#### PROBLEM TO WORK ON:
Under this line are records; the part from the line containing "On the Maximal" through the line containing "UOBAM UGOV1Y1 กอง IPO revised" should be repeated exactly. Please exclude pictures.

#### EXCERPTED DATA:
-- Opening Marker --

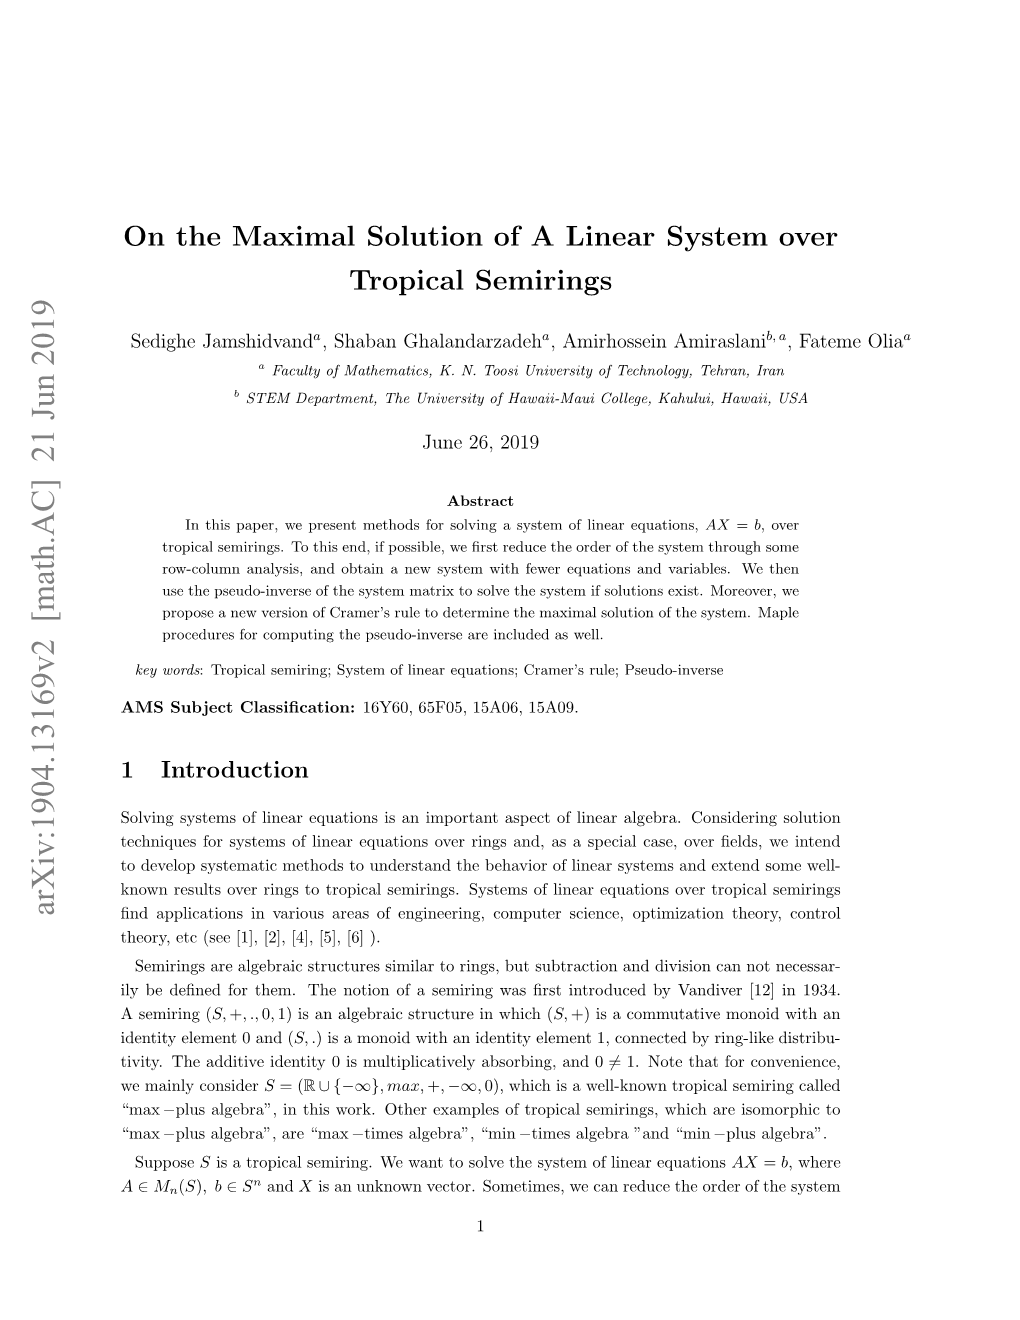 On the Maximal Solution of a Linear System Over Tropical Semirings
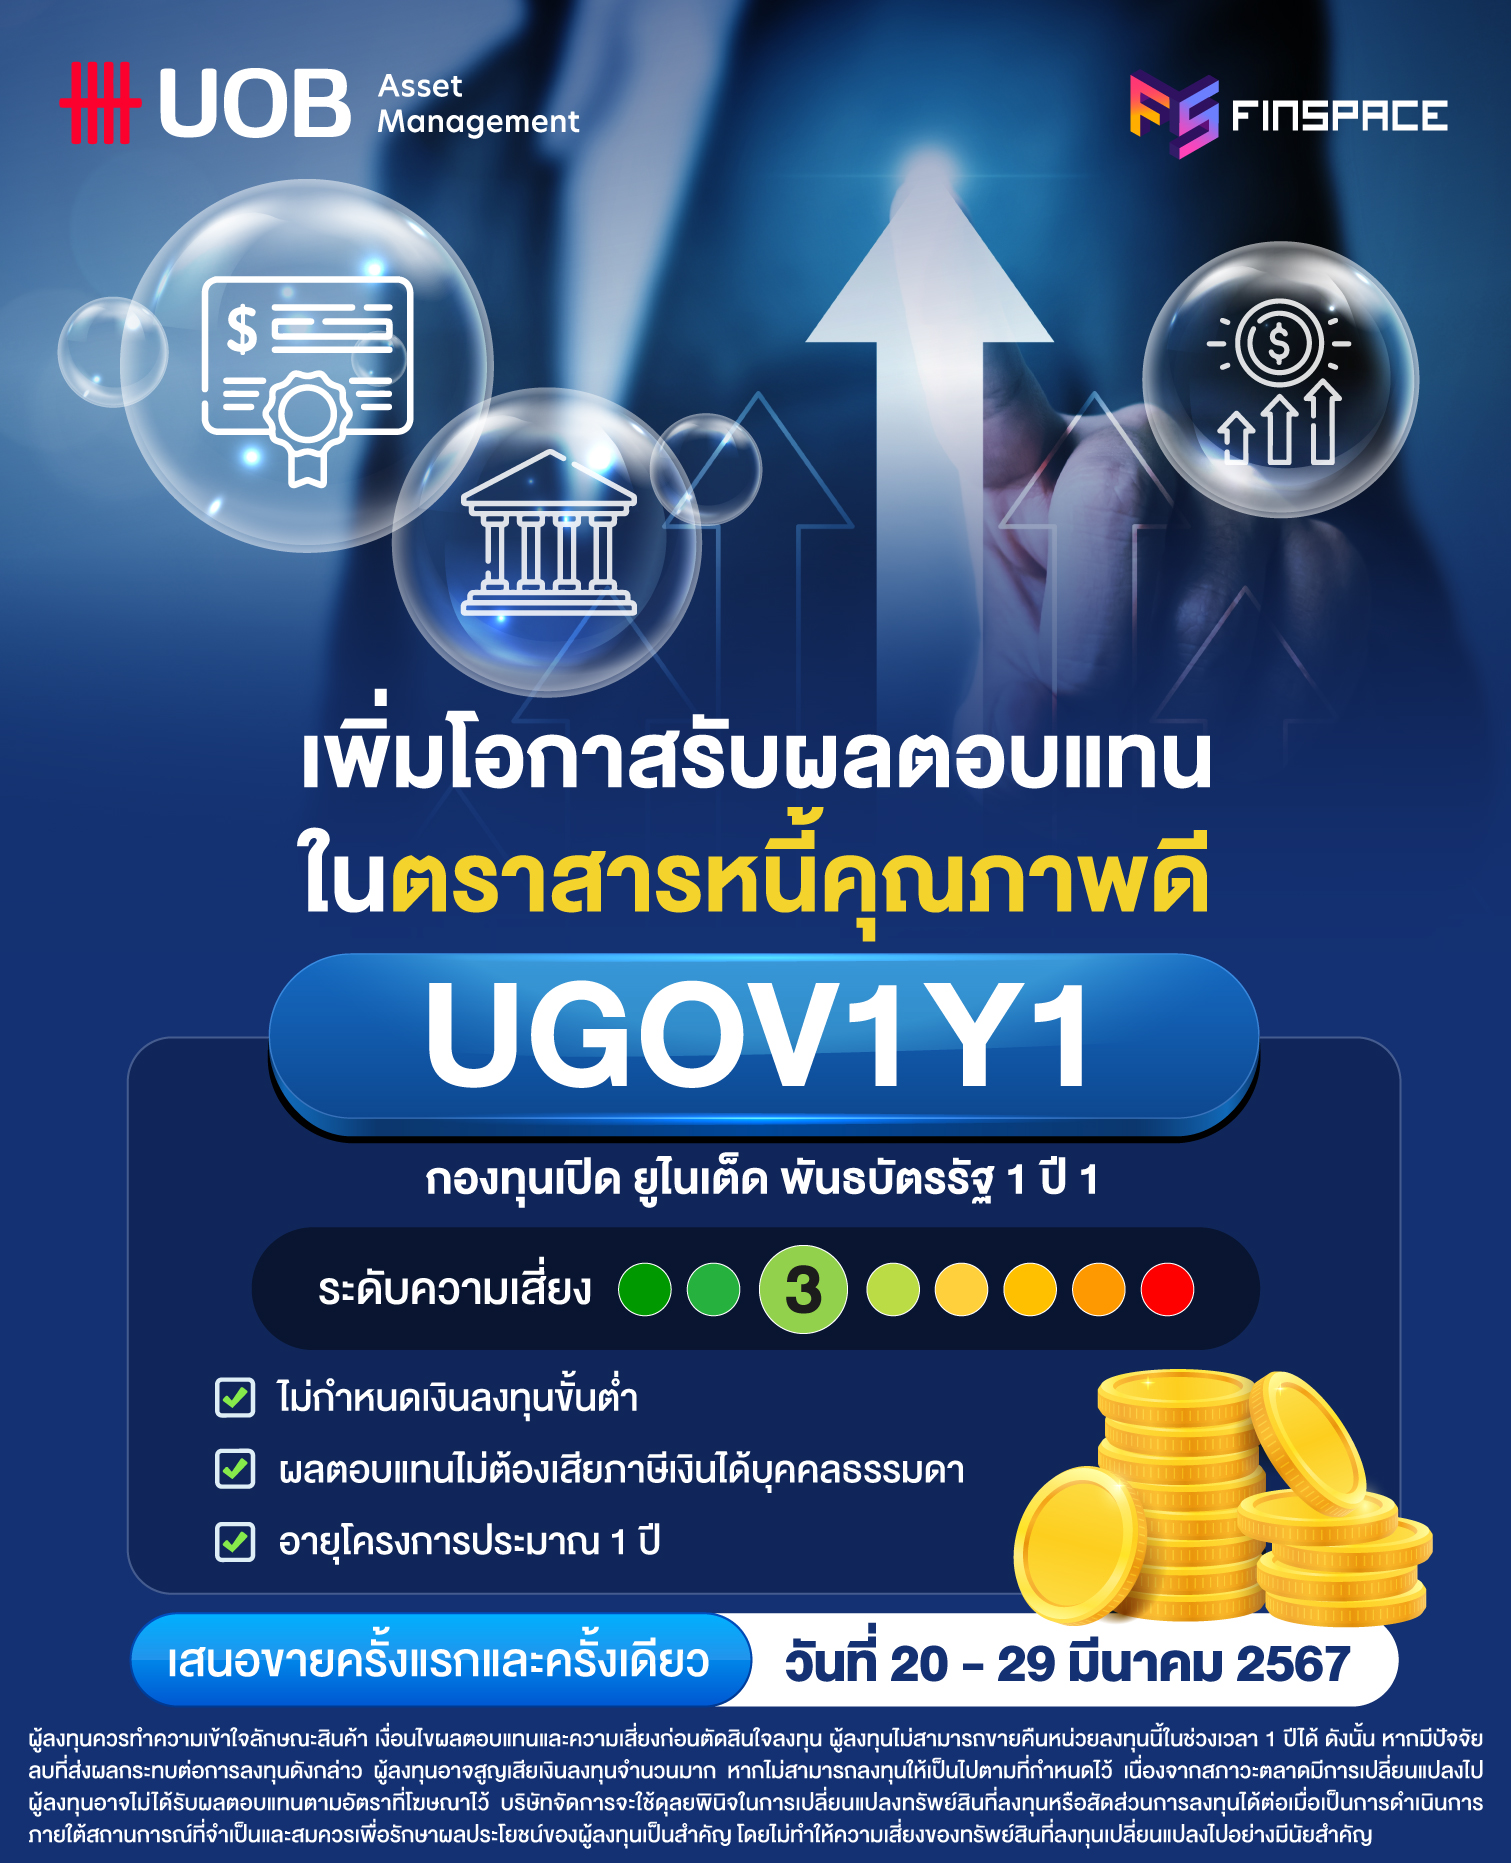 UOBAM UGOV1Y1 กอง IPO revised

-- Closing Marker --
-- Opening Marker --

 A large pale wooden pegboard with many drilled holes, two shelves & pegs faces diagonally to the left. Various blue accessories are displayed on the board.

-- Closing Marker --
-- Opening Marker --

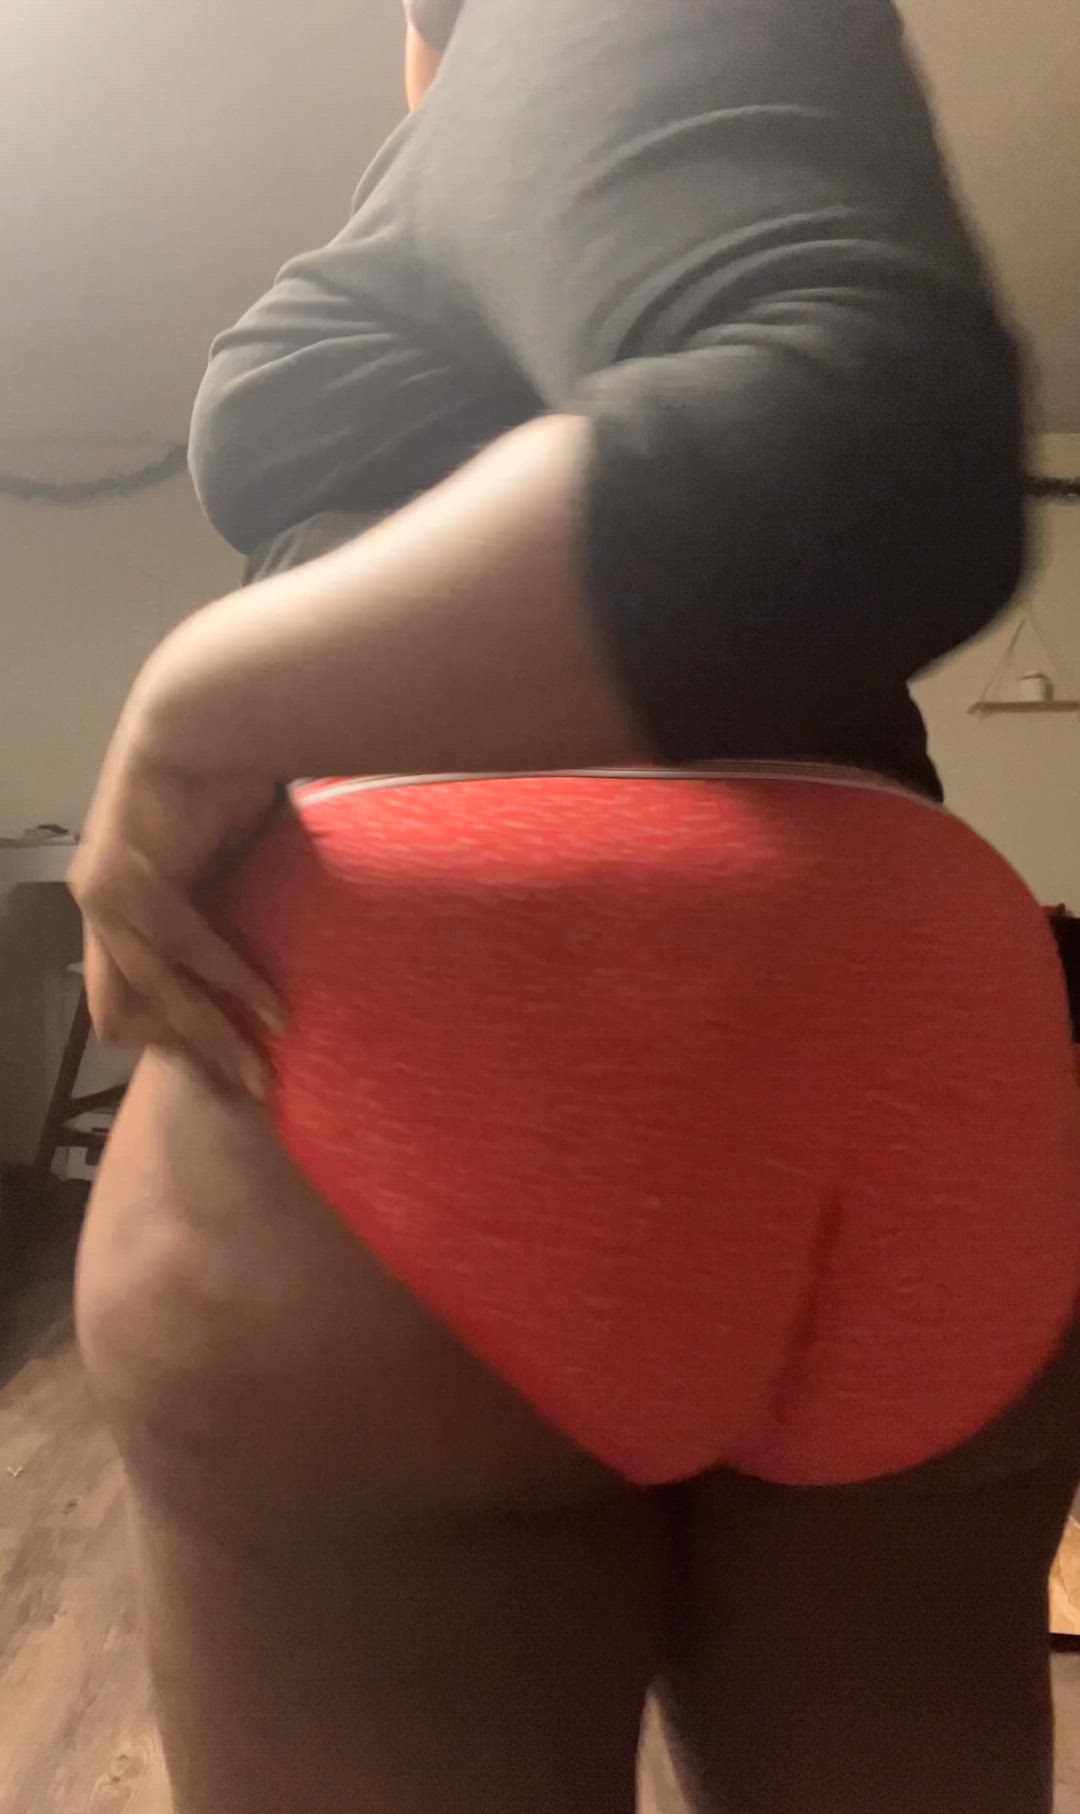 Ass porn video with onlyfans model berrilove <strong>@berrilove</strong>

-- Closing Marker --

#### SOLUTION FOR THIS EXERCISE:
 On the Maximal Solution of a Linear System Over Tropical Semirings
 UOBAM UGOV1Y1 กอง IPO revised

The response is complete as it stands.